• TO DO
Reproduce from the records below, with no pictures, exactly the lines between the one containing "Renard roux (Vulpes" and the one containing "2GR oil pressure, 5w30 vs 5w40", inclusive.

• DATASET ENTRIES
##########

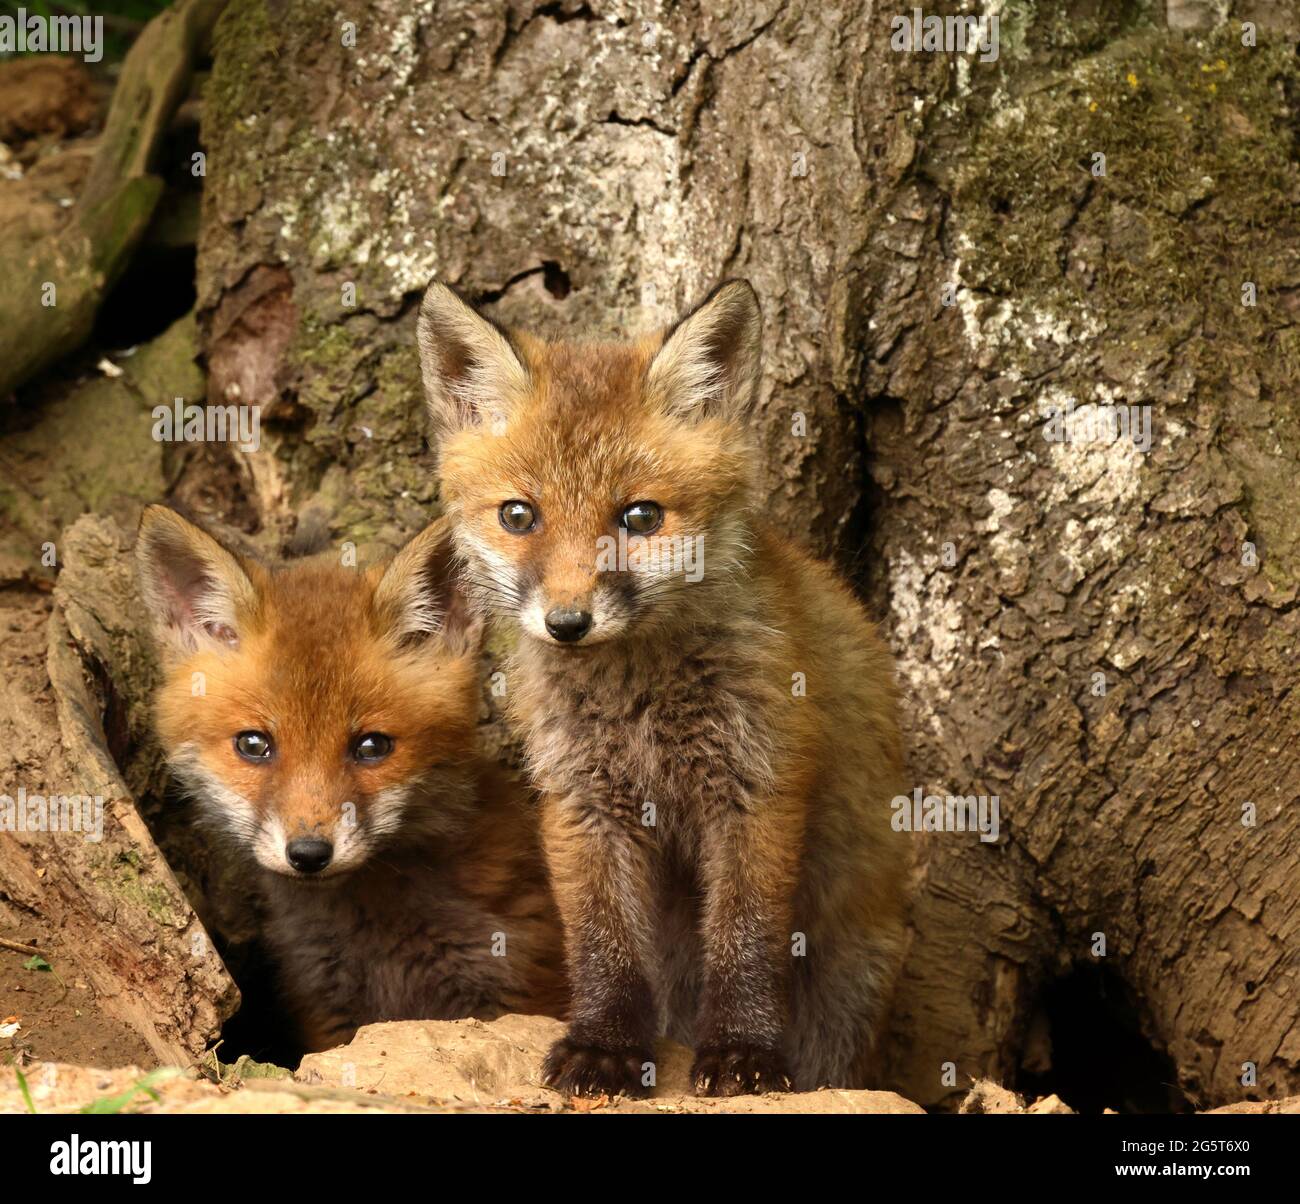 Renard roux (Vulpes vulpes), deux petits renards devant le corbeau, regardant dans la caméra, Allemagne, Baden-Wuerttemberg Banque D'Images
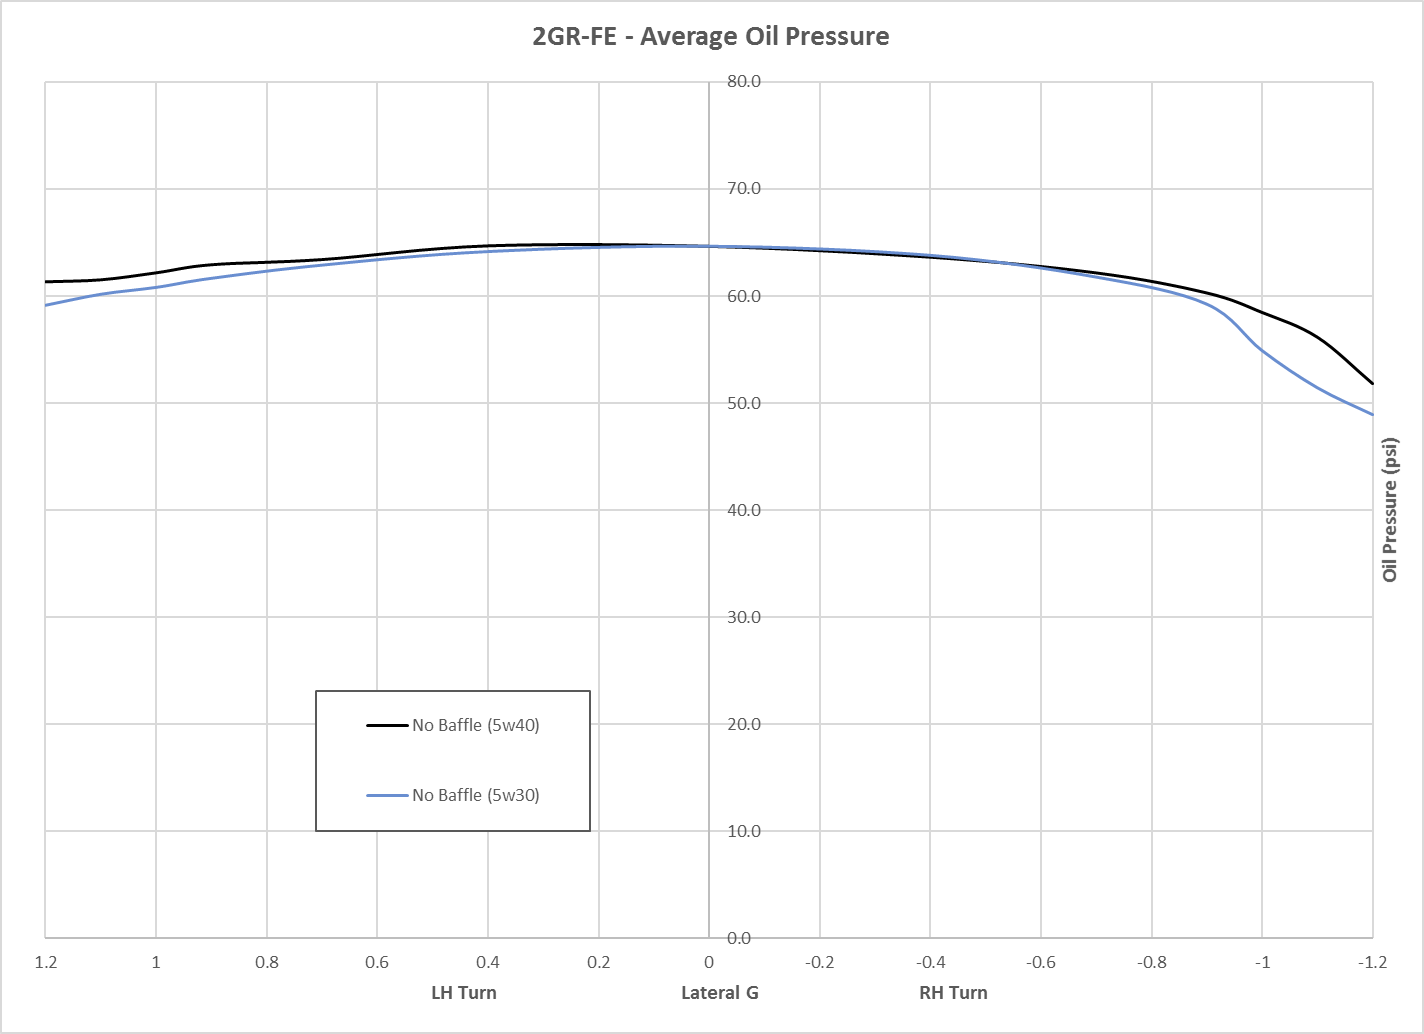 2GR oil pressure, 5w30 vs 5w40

##########

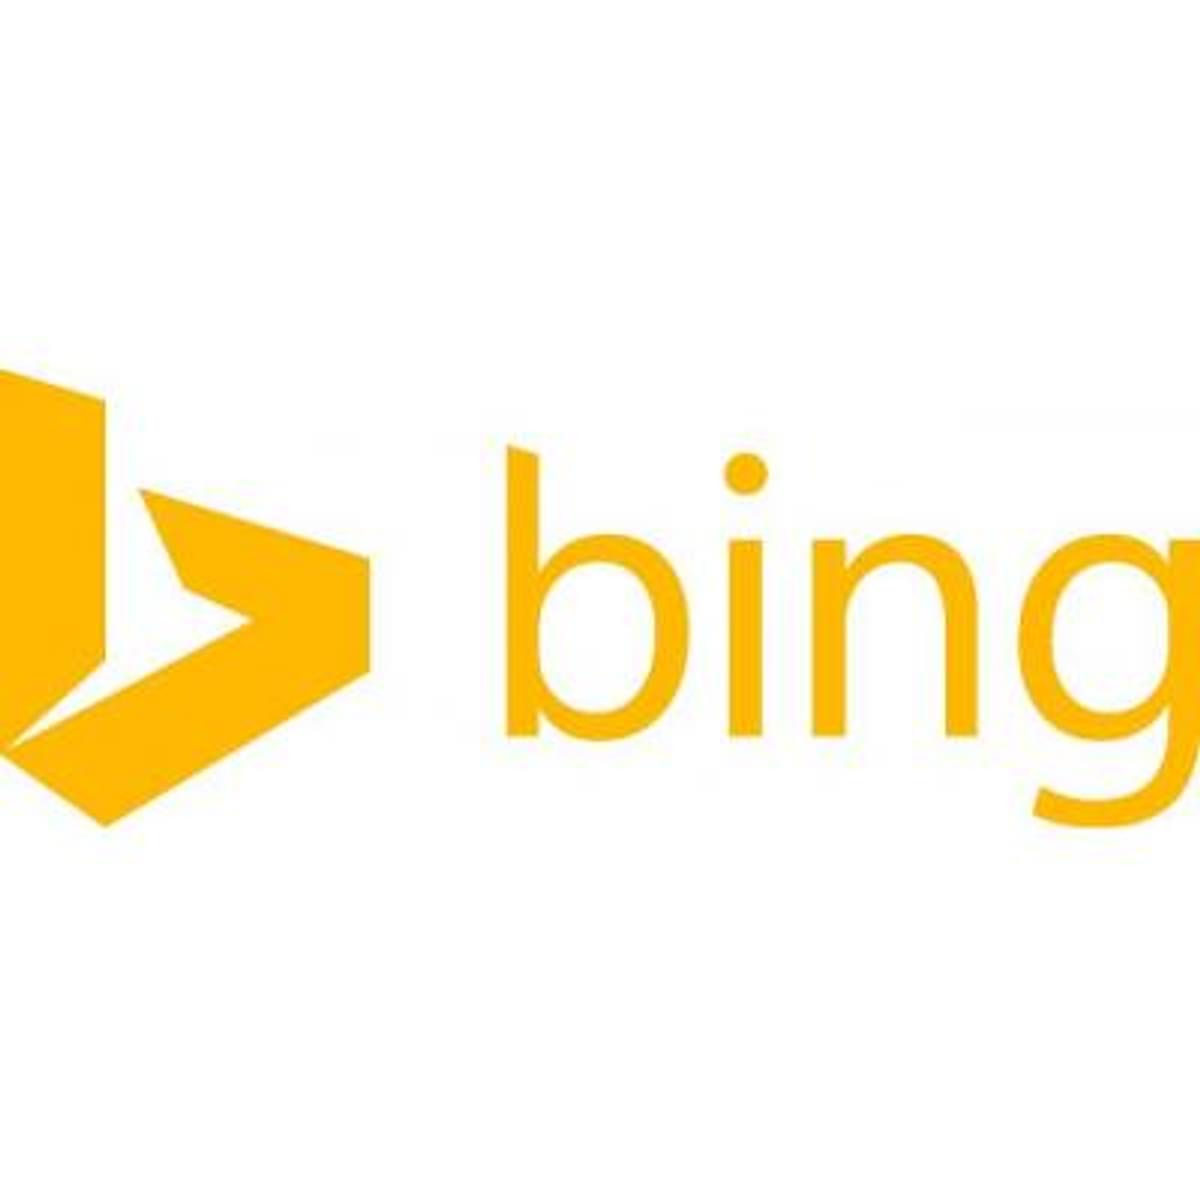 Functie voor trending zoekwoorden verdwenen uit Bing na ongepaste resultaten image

##########

• TASK RESPONSE
 Renard roux (Vulpes vulpes), deux petits renards devant le corbeau, regardant dans la caméra, Allemagne, Baden-Wuerttemberg Banque D'Images
 2GR oil pressure, 5w30 vs 5w40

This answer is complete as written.